Aggrappati ad Allegri e al (recente) passato

di Luca Mantovani |

In giorni in cui la sensazione è quella di camminare su un filo di nylon, con la possibilità concreta che la stagione precipiti verso una brutta piega, c’è la necessità quasi spasmodica di confrontarsi con il passato recente. Allegri con le sue partenze a rilento; il Napoli come la Roma 2103/14 delle 10 vinte di fila; lo Sporting come l’Olympiakos e il Lione delle scorse campagne in Champions. Ci siamo già passati, vero; ma dopo le ultime prestazioni, l’impressione è che rifugiarsi nei ricordi rappresenti l’ultima ancora di salvezza.

 

D’altra parte è anche naturale pensare che non possa sempre andarci bene. Dobbiamo convivere con la consapevolezza che questo ciclo vincente prima o poi si chiuderà, e questo ci rende particolarmente sensibili ai segnali negativi. Per rimanere nell’ambito del paragone col passato, ad esempio, la gara di mercoledì può riportare alla memoria un altro match (quello sì di svolta per la nostra stagione), simile non tanto per l’andamento, quanto per il finale: Juventus-Torino, derby di andata di fine ottobre del campionato 2015/16. Sull’ 1-1, al minuto 93, arriva il gol vittoria di Cuadrado su cross (dalla sinistra) del neo-entrato Alex Sandro, fino a quel momento oggetto misterioso del mercato. Da lì partirà la rimonta per il quinto Scudetto consecutivo.

 

Da un brasiliano all’altro, le analogie con l’assist di Douglas Costa per il 2-1 sono evidenti. Ma se ripensiamo a quel match, le buone notizie finiscono qui. Perché in quel caso Alex Sandro entrò al posto di Dybala, un terzino per un attaccante nel finale di una gara da provare a vincere a tutti i costi; una follia, a prima vista. A posteriori, una felice intuizione di Allegri, come sottolineò ad esempio Adani nella telecronaca Sky (o quantomeno un bel colpo di fortuna, volendo lasciare libera interpretazione).

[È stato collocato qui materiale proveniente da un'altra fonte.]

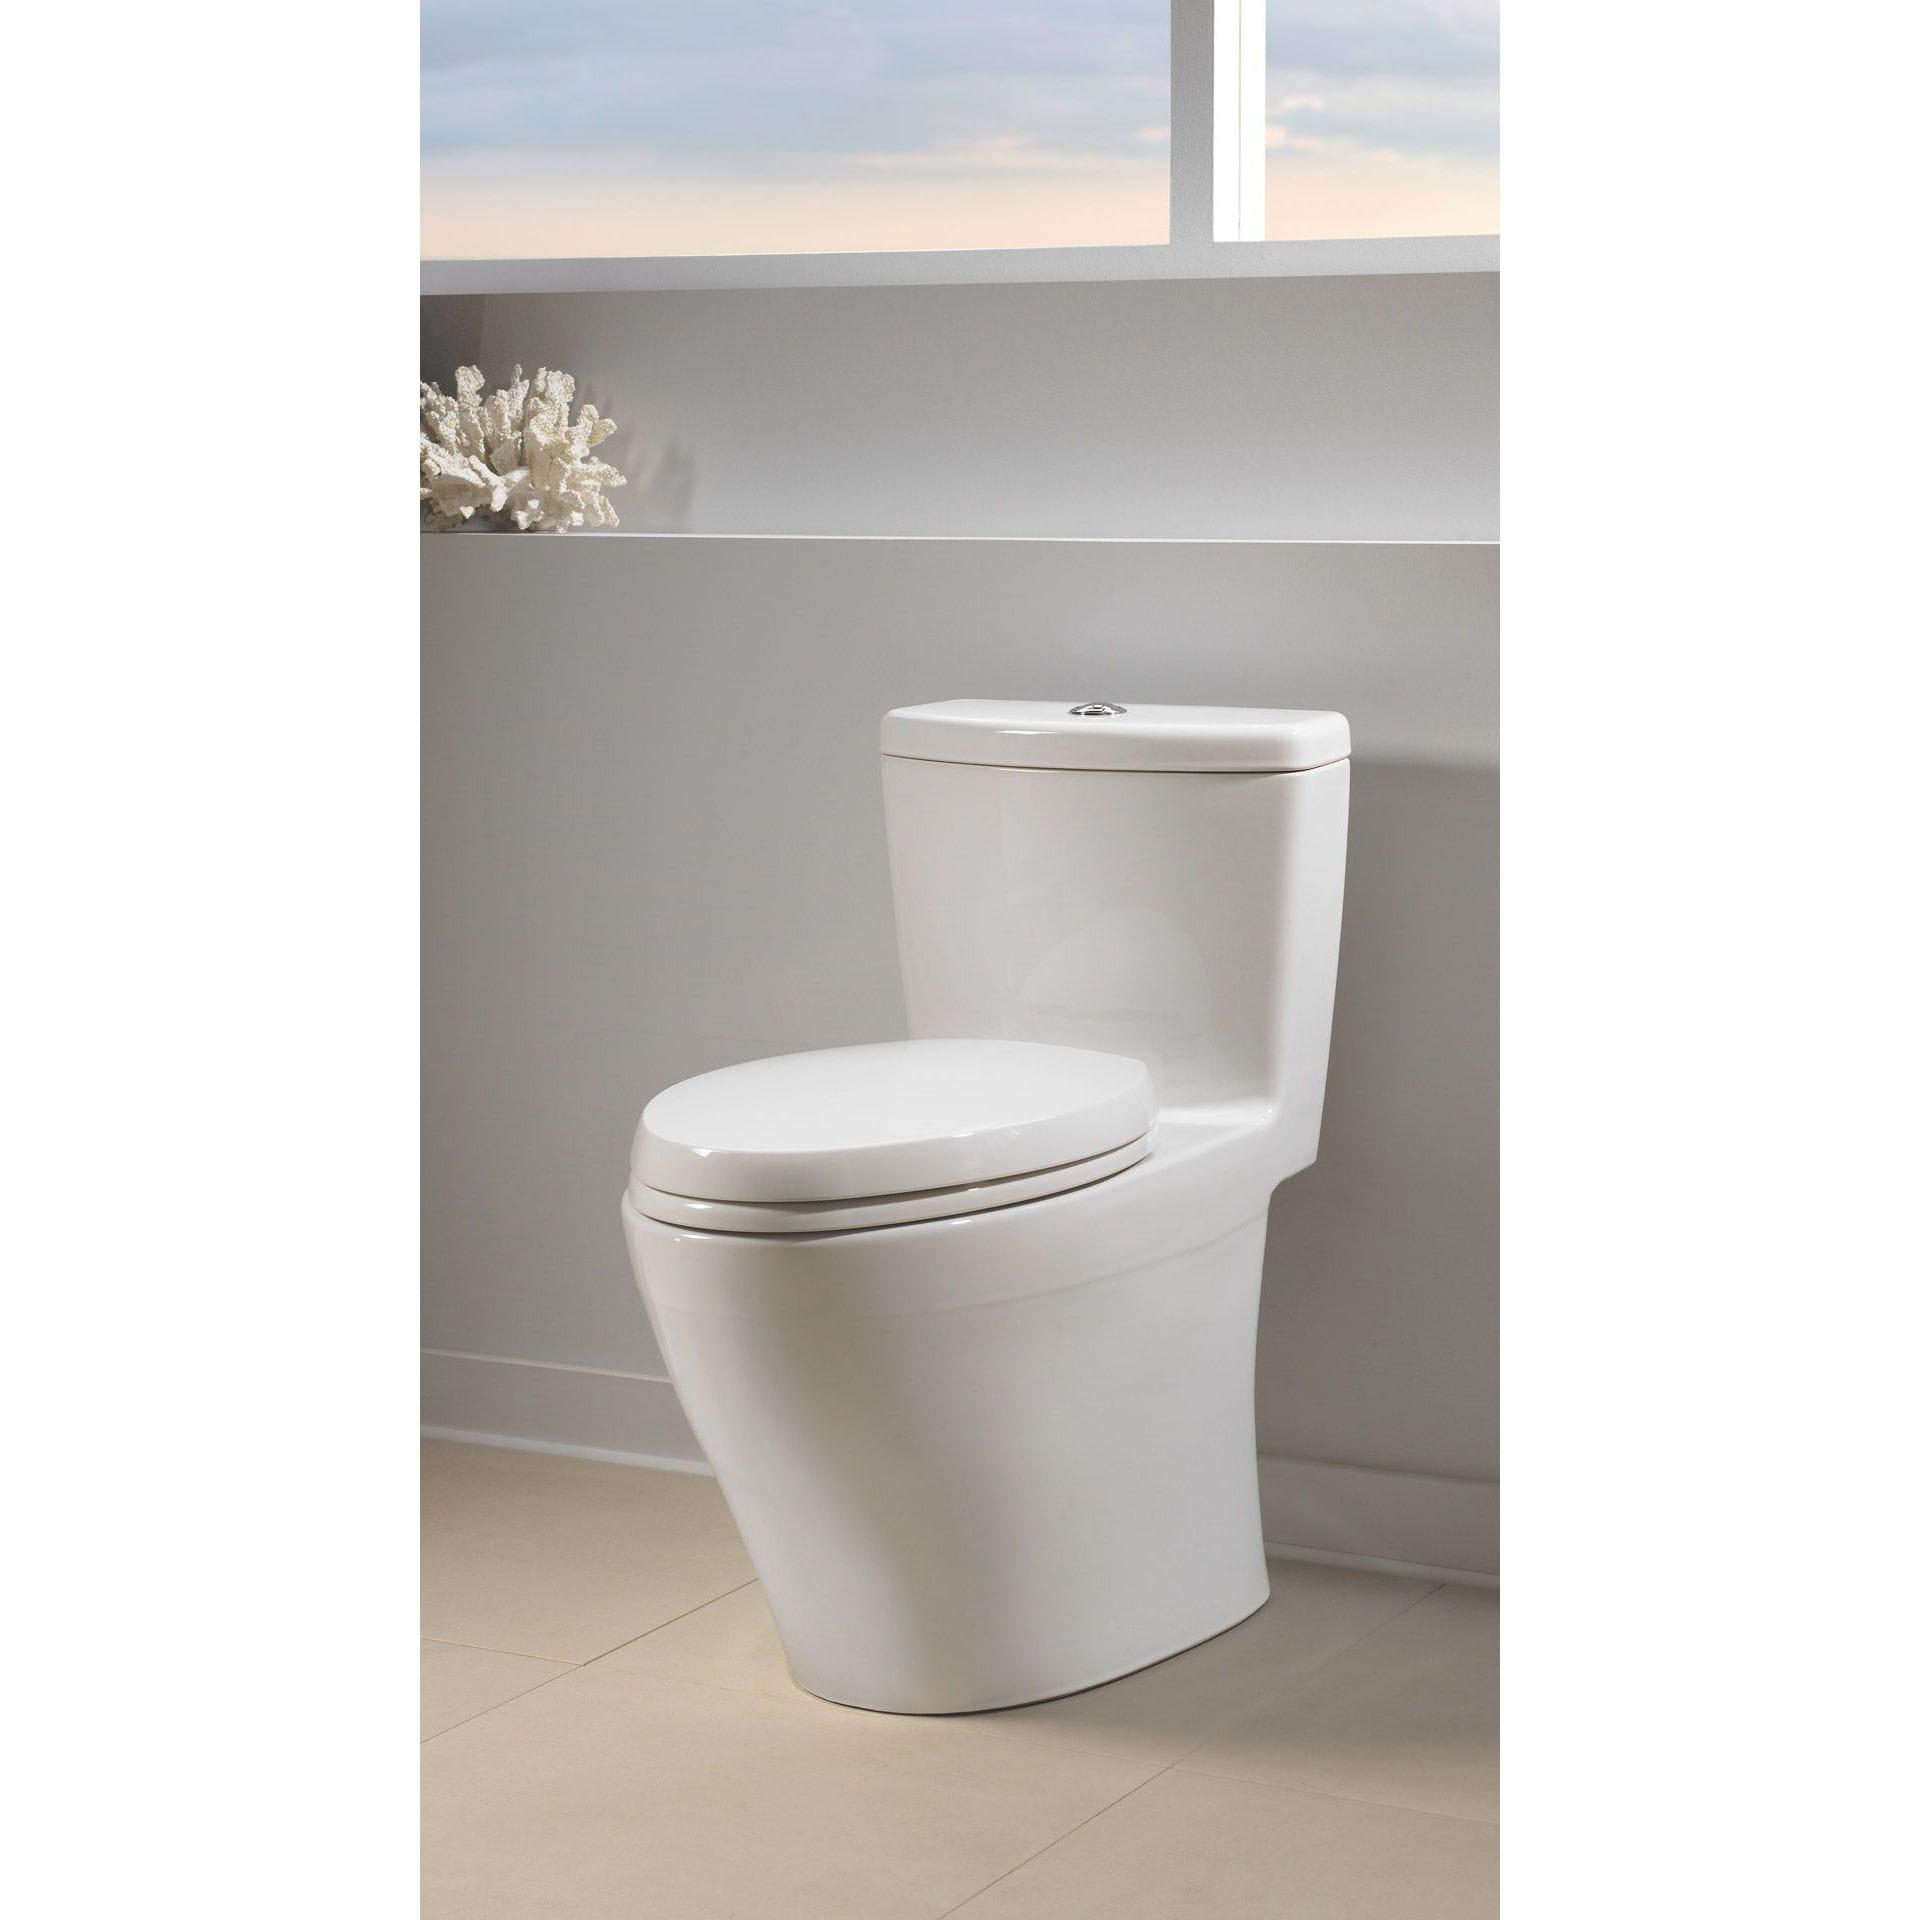 TOTO 'MS654114MF-01' Cotton White Elongated Toilet - Free Shipping ...

Mercoledì, invece, l’ingresso di Douglas Costa è parso più come un’ammissione di colpa, una resa di fronte all’evidenza che uno Sturaro terzino in Europa non abbia cittadinanza. Una mossa semplice, scontata, che avrebbe potuto fare anche il tifoso dal divano di casa; e che anzi alcuni invocavano già alla vigilia.

 

Allegri, insomma, è chiamato a tirar fuori ben altri conigli dal cilindro, se vuole cambiare rotta a questa annata.

Per adesso restiamo ancora in equilibrio sul filo. E se è impossibile fare previsioni in base all’esperienza recente, come quasi sempre nello sport, ora come ora non ci resta che una cosa: sperare che la storia si ripeta.